The AI infrastructure could support simulation workloads and machine learning model training for health and environmental science projects. Research teams will test AI workflows on AMD platforms to determine processing requirements for different scientific applications.

The partnership includes provisions for AI model benchmarking across AMD hardware configurations. Performance data could guide software optimisation for specific research use cases.

Workforce development and sovereign infrastructure

Imperial will run education initiatives using AMD computing resources at multiple London campus locations. These include South Kensington, Paddington Life Sciences, the White City Innovation District and the Old Oak Innovation Cluster.

The programmes will offer workshops, seminars and internships for students and early-career researchers. Startups and innovators in the WestTech London innovation ecosystem will access pilot programmes using AMD platforms.

UK Science Minister Lord Vallance

Lord Vallance, UK Science Minister, says: "This partnership between AMD and Imperial will combine world-class computing and AI expertise with engineering and research to help tackle some of the toughest challenges we face, from healthcare to our changing climate."

The collaboration supports the development of UK sovereign AI capabilities through locally accessible computing resources.
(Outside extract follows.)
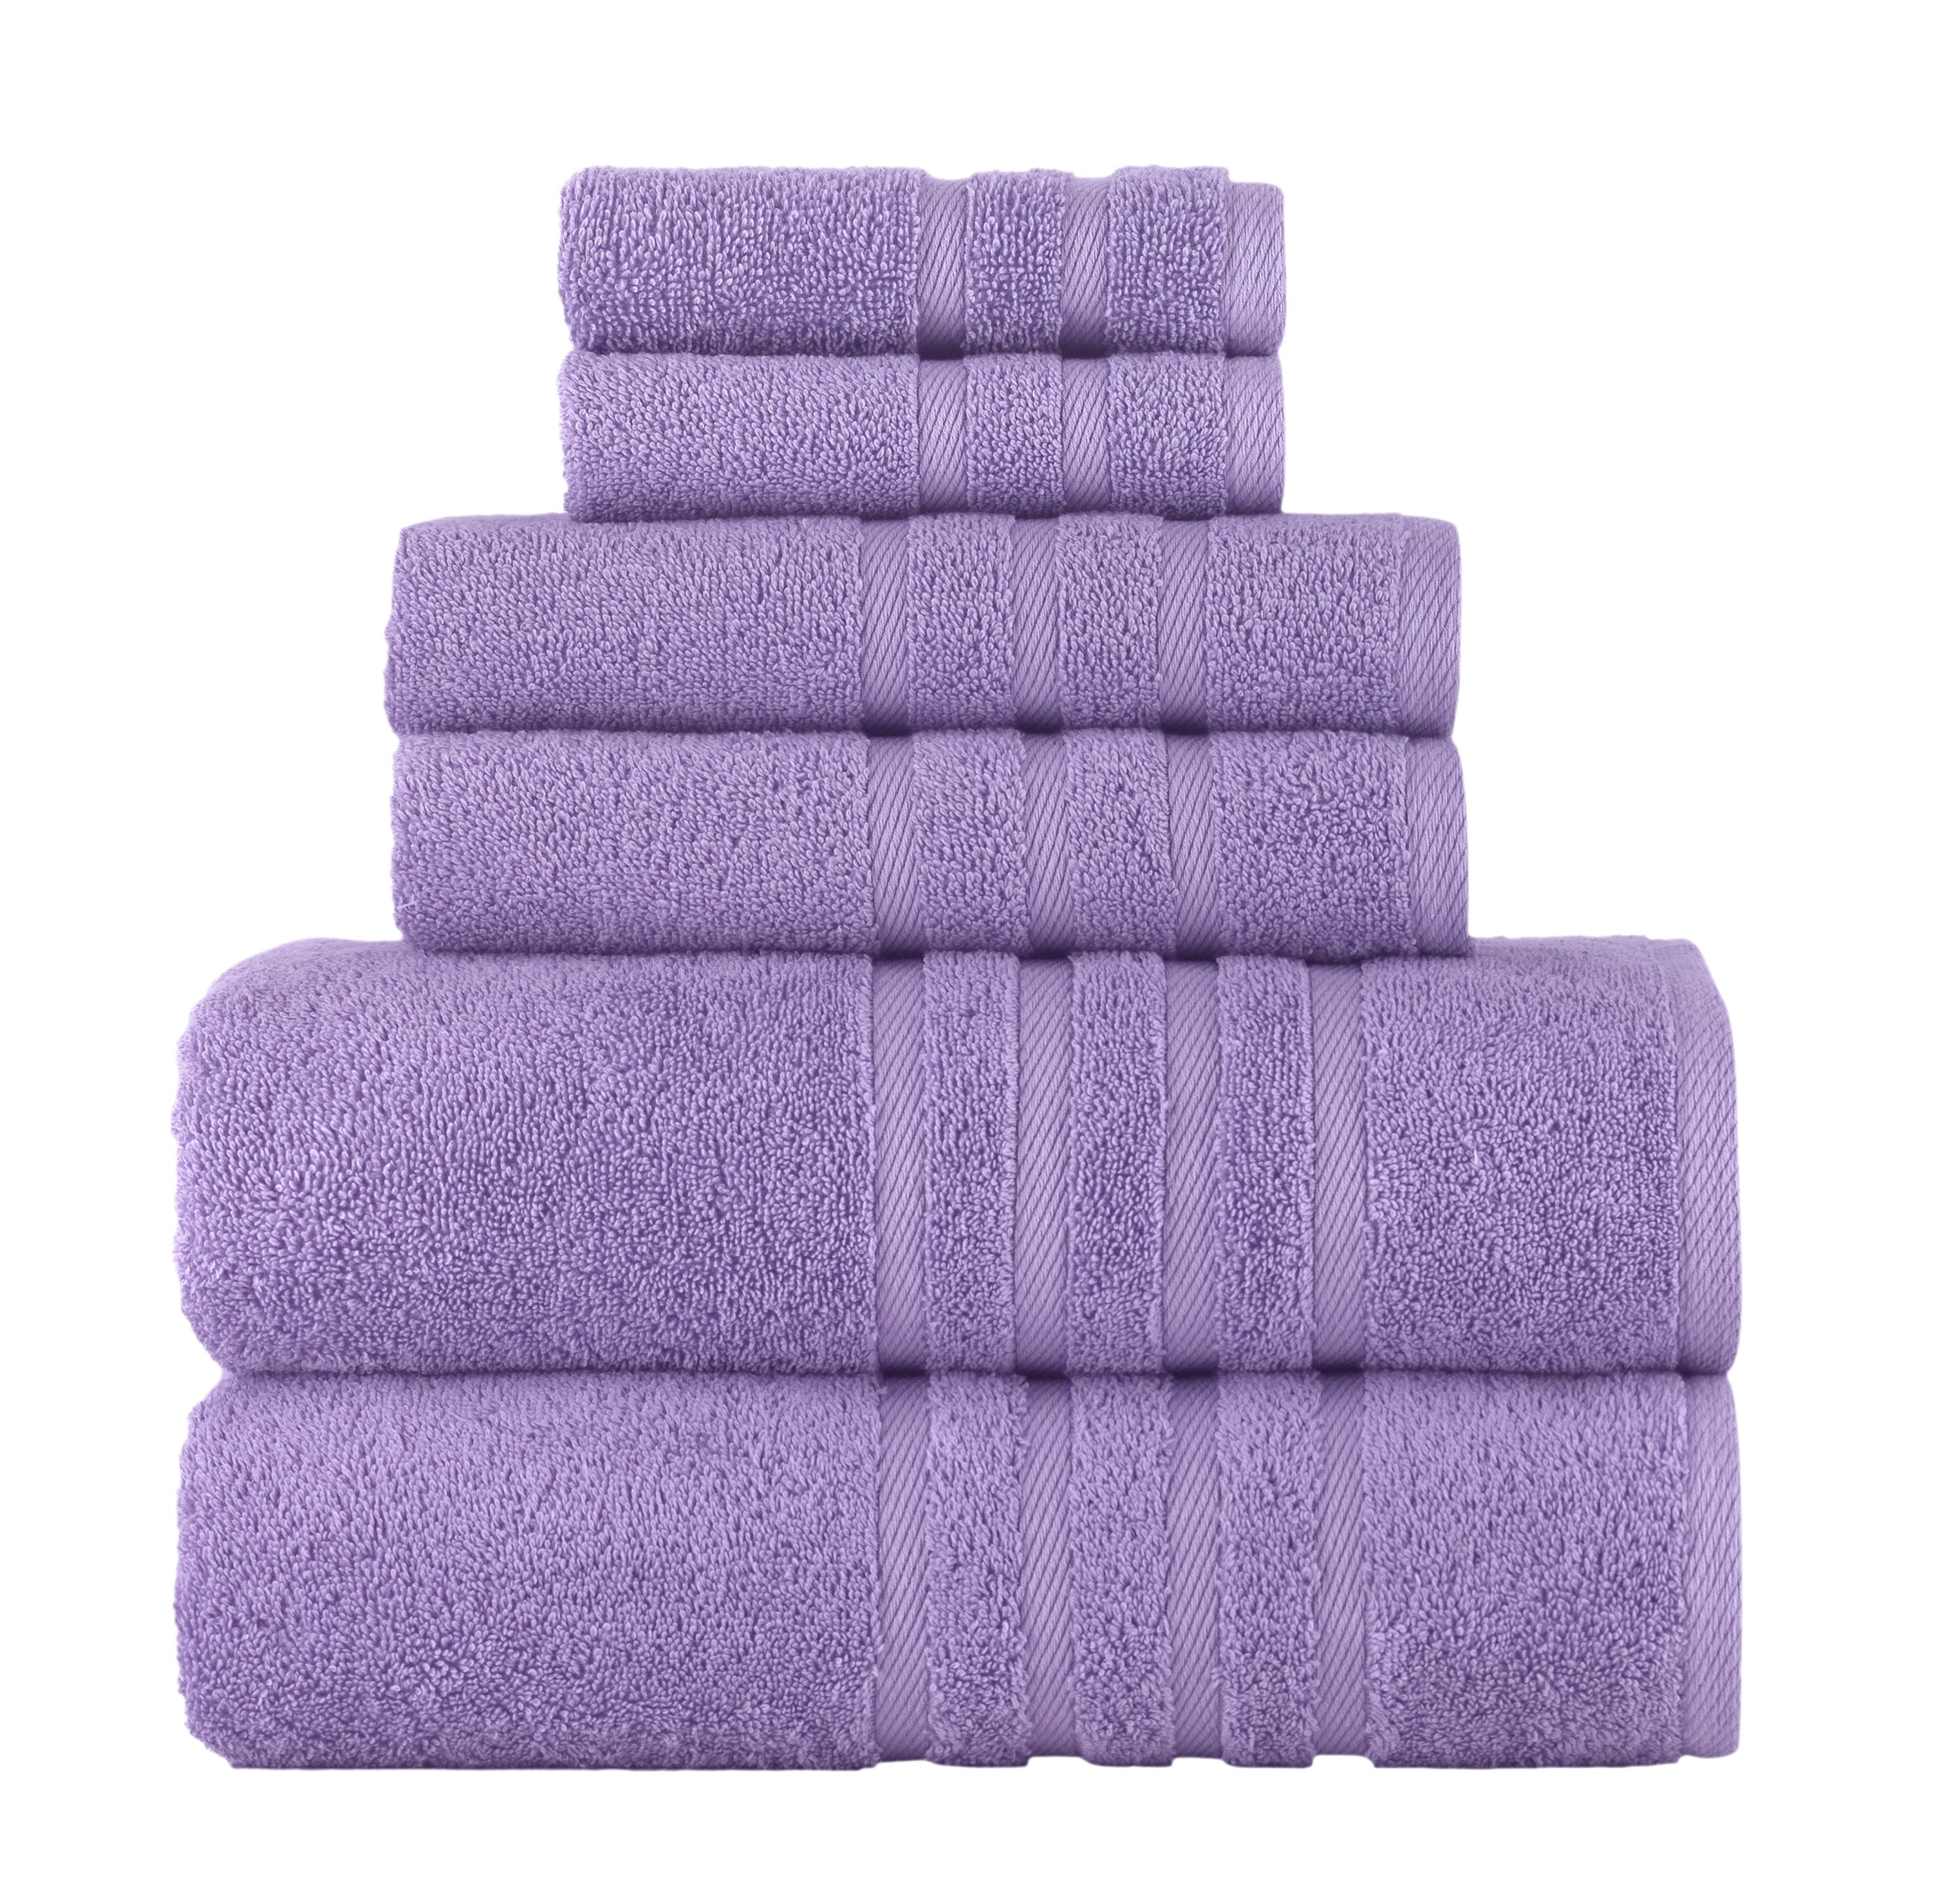 Lavender Luxury Bath Towels Set, Turkish Cotton Hotel Large Bath Towels Bulk  for Bathroom, Thick Bathroom Towels Set of 6 with 2 Bath Towels, 2 Hand  Towels, 2 Washcloths, 650 GSM.

Imperial researchers will operate AMD systems within UK data centres for sensitive research workloads.

Hugh Brady, President of Imperial College London, says: "Imperial College London is committed to advancing world-leading research and innovation that delivers real-world impact."

Hugh Brady, President at Imperial College London

He adds: "Working with AMD creates new opportunities to expand opportunities for researchers, students and innovators to access advanced AI and accelerated computing infrastructure working across scientific, engineering and healthcare disciplines."